2. Description of the Related Art In the field of high frequency applications, the signal core of an electric signal cable is surrounded by one or more layers of conductive shields to prevent leakage of electromagnetic energy into or out of the cable. It has become. It has also been found that the conductive jacket can reduce the problem of electrostatic discharge in electronic devices. To provide an effective shield, attempts have been made to solve these problems using one or more layers of shield or metal coated polymer tape, such as braided metal wires or tapes, in multiple layers. . However, the multi-layered shield usually makes the cable relatively inflexible. Problems also arise when terminating such multilayer shields to ground or when grounding all layers of the shield. Many of these problems are discussed in U.S. Patent Nos. 4,871,883, 4,371,242 and
The details are described in the background part of the specification of No. 347,487, and for details, refer to the relevant portions of these documents.

Recently, there has been interest in providing cables having a conductive jacket, primarily to alleviate the problem of electrostatic discharge in electronic devices. When a conductive jacket is used with a metal coated polymer tape shield, a problem arises with the method of obtaining a conductive path from the jacket through the inner shield to ultimately contact the drain wire to ground all shield layers. The metal side of the metal coated polymer tape must face the inside of the cable so that it contacts the drain wires to provide the cable with the best electrical performance. A polymer tape layer having a metal layer coated thereon is between the metal layer and the conductive outer jacket and insulates the metal layer from the conductive outer jacket. One possible solution is to coat the metal on both sides of the polymer tape. However, this structure makes the cable extremely stiff, making processing very difficult.

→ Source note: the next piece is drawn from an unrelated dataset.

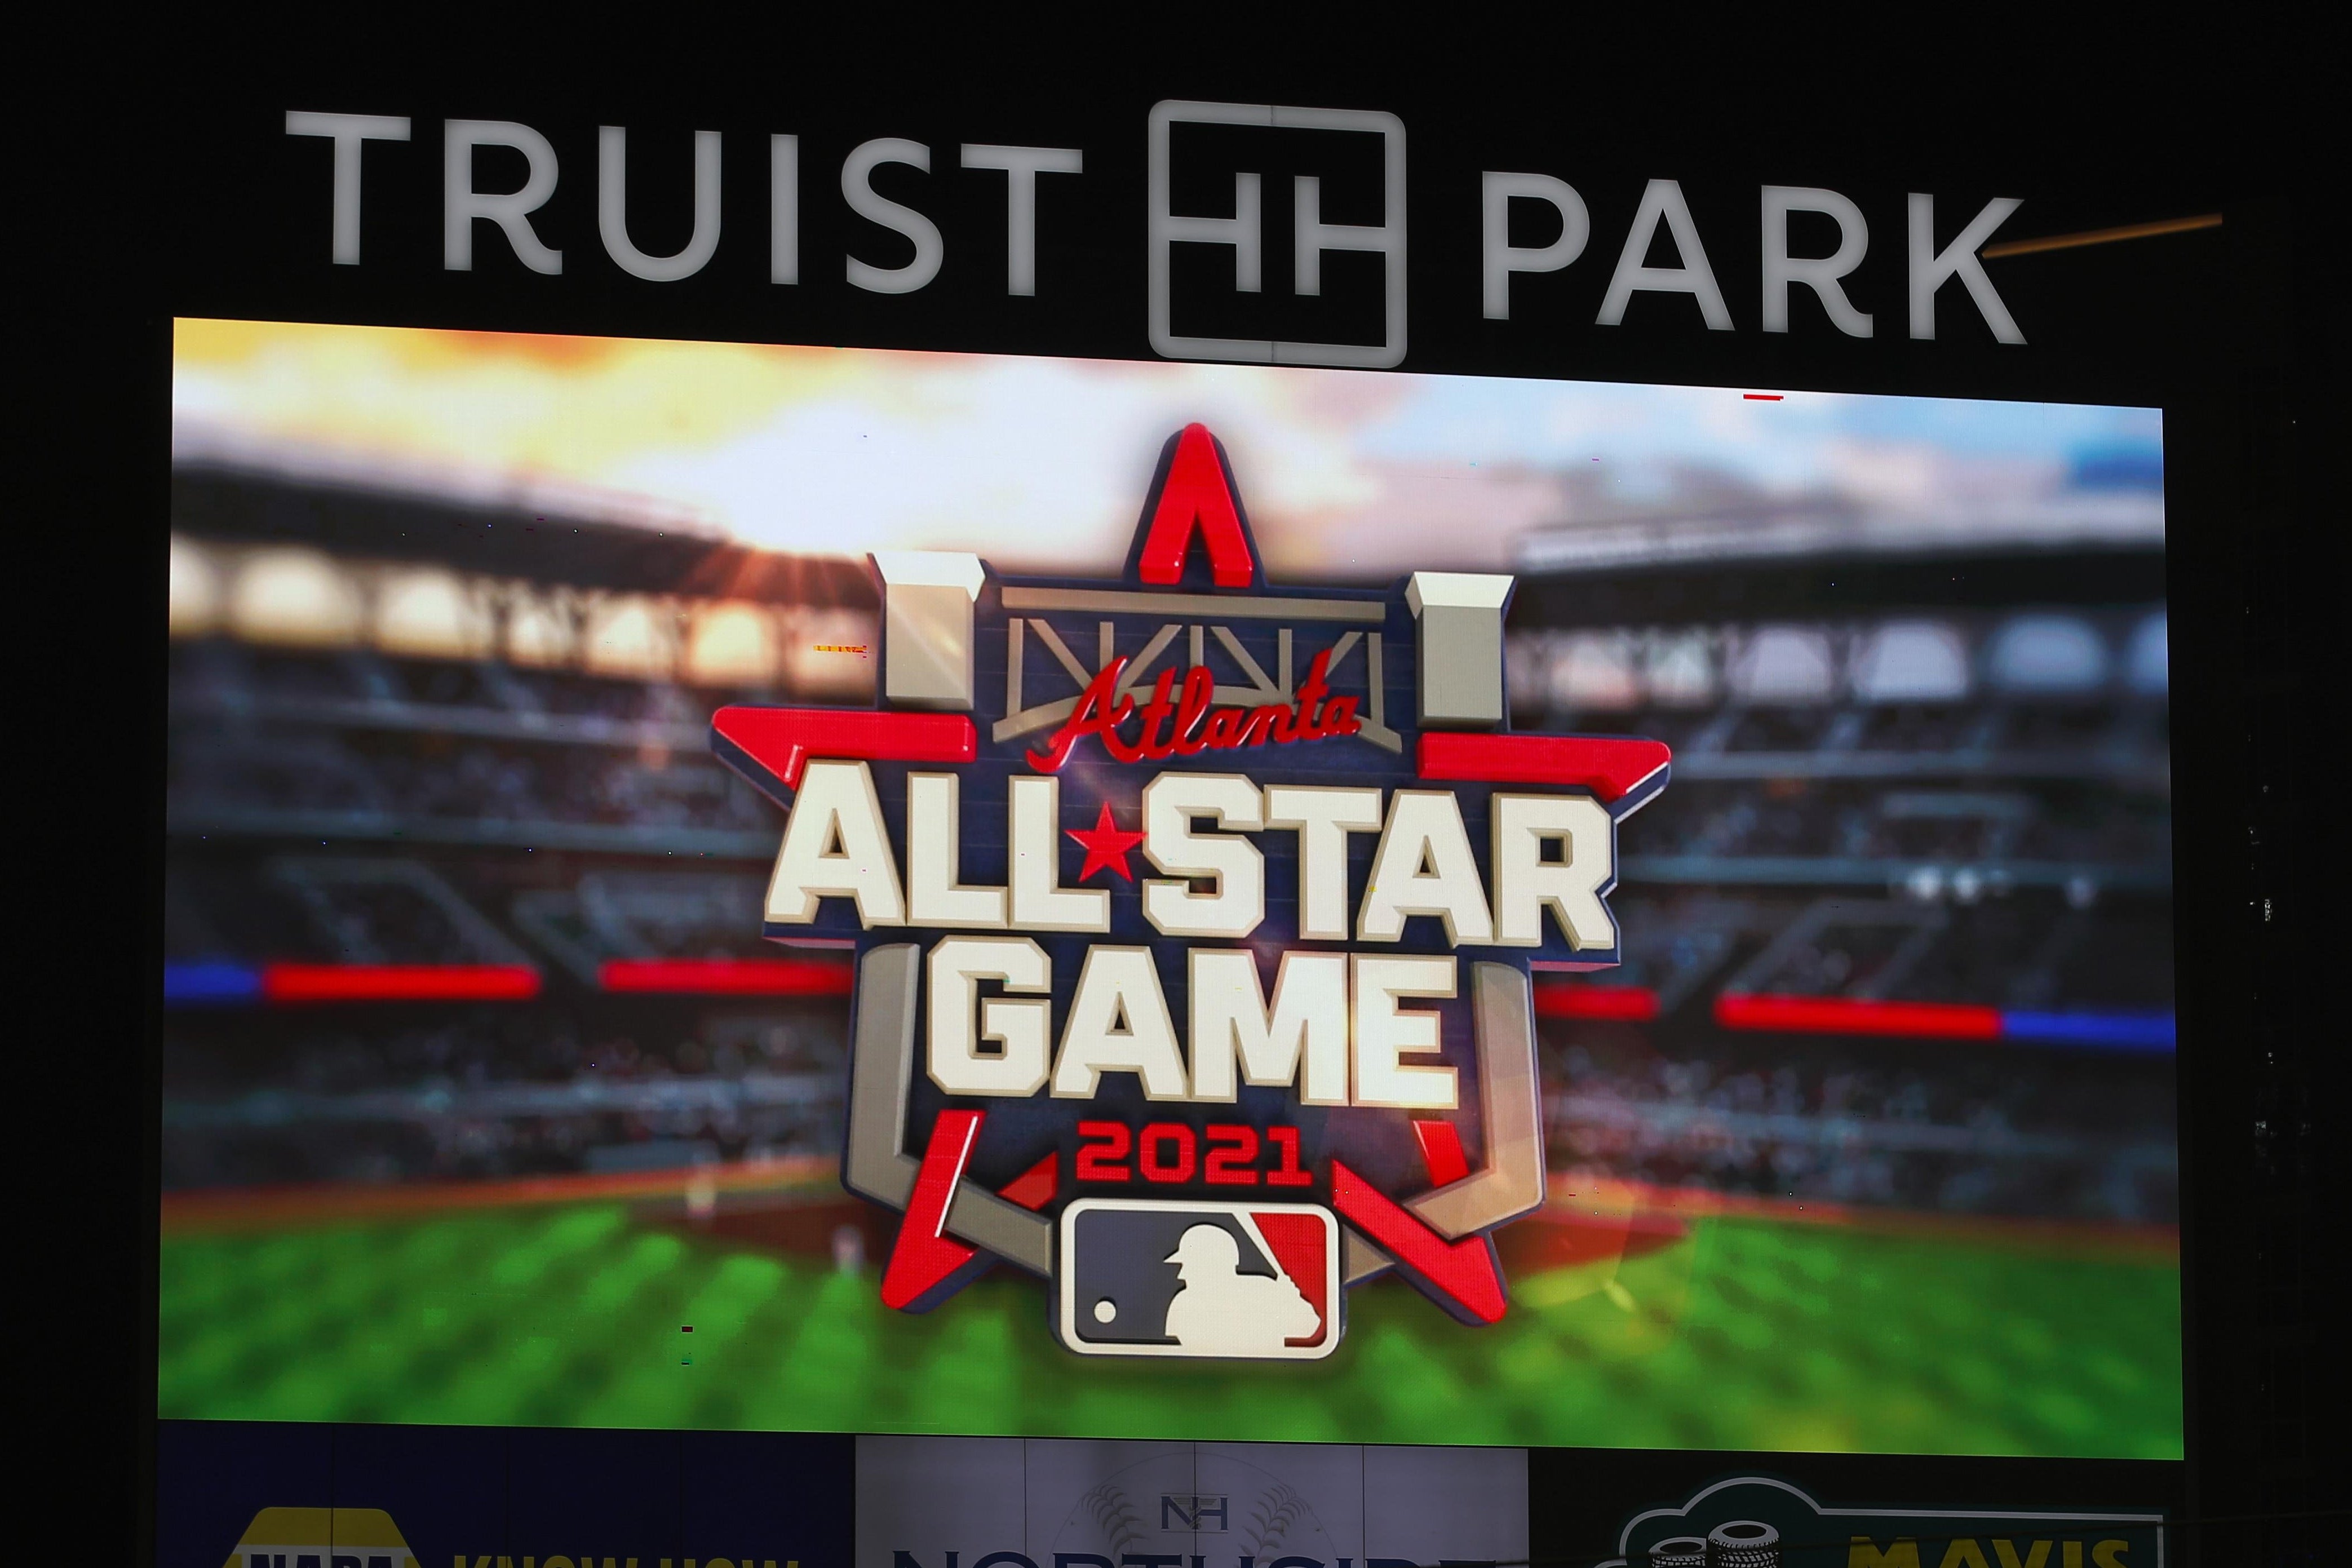 The 2021 All Star Game Logo is displayed on a jumbotron in Atlanta's Truist Park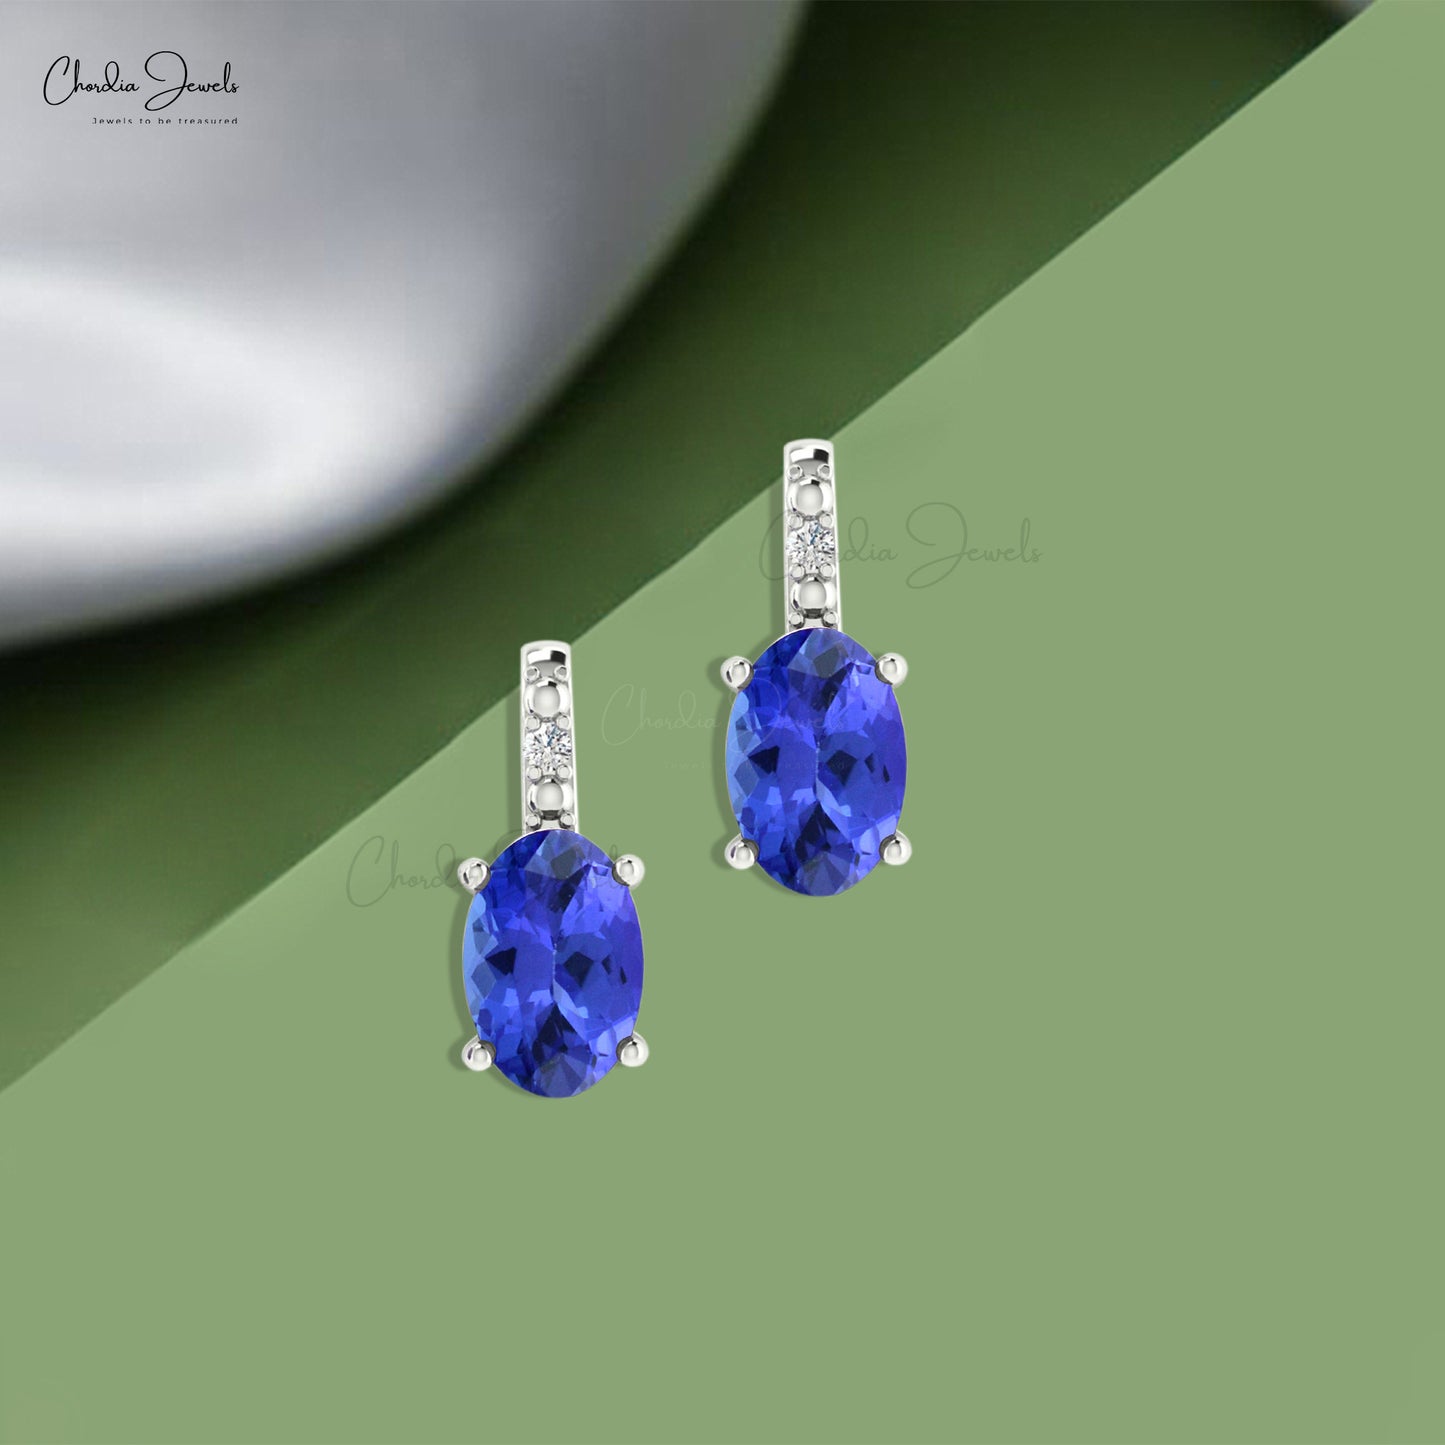 Sparkling Blue Tanzanite & Diamond Accented Earrings 6x4mm Oval Cut Natural Gemstone Minimalist Jewelry For Gift

Other solutions that have been attempted include laser etching of the polymer film at predetermined locations to expose the metal to the jacket, folding the end of the metal-coated polymer tape,
Exposing the metal ends to the jacket, cutting the aluminum coated polymer from the metal side of the tape and applying the ends to the jacketed side, and less than 100% to expose the drain lines Coverage (typically 150%
Using a 50% overlap or a 50% overlap) on the jacket.

None of these proposed solutions provide a reliable contact between the jacket and the shield, while maintaining flexibility or workability.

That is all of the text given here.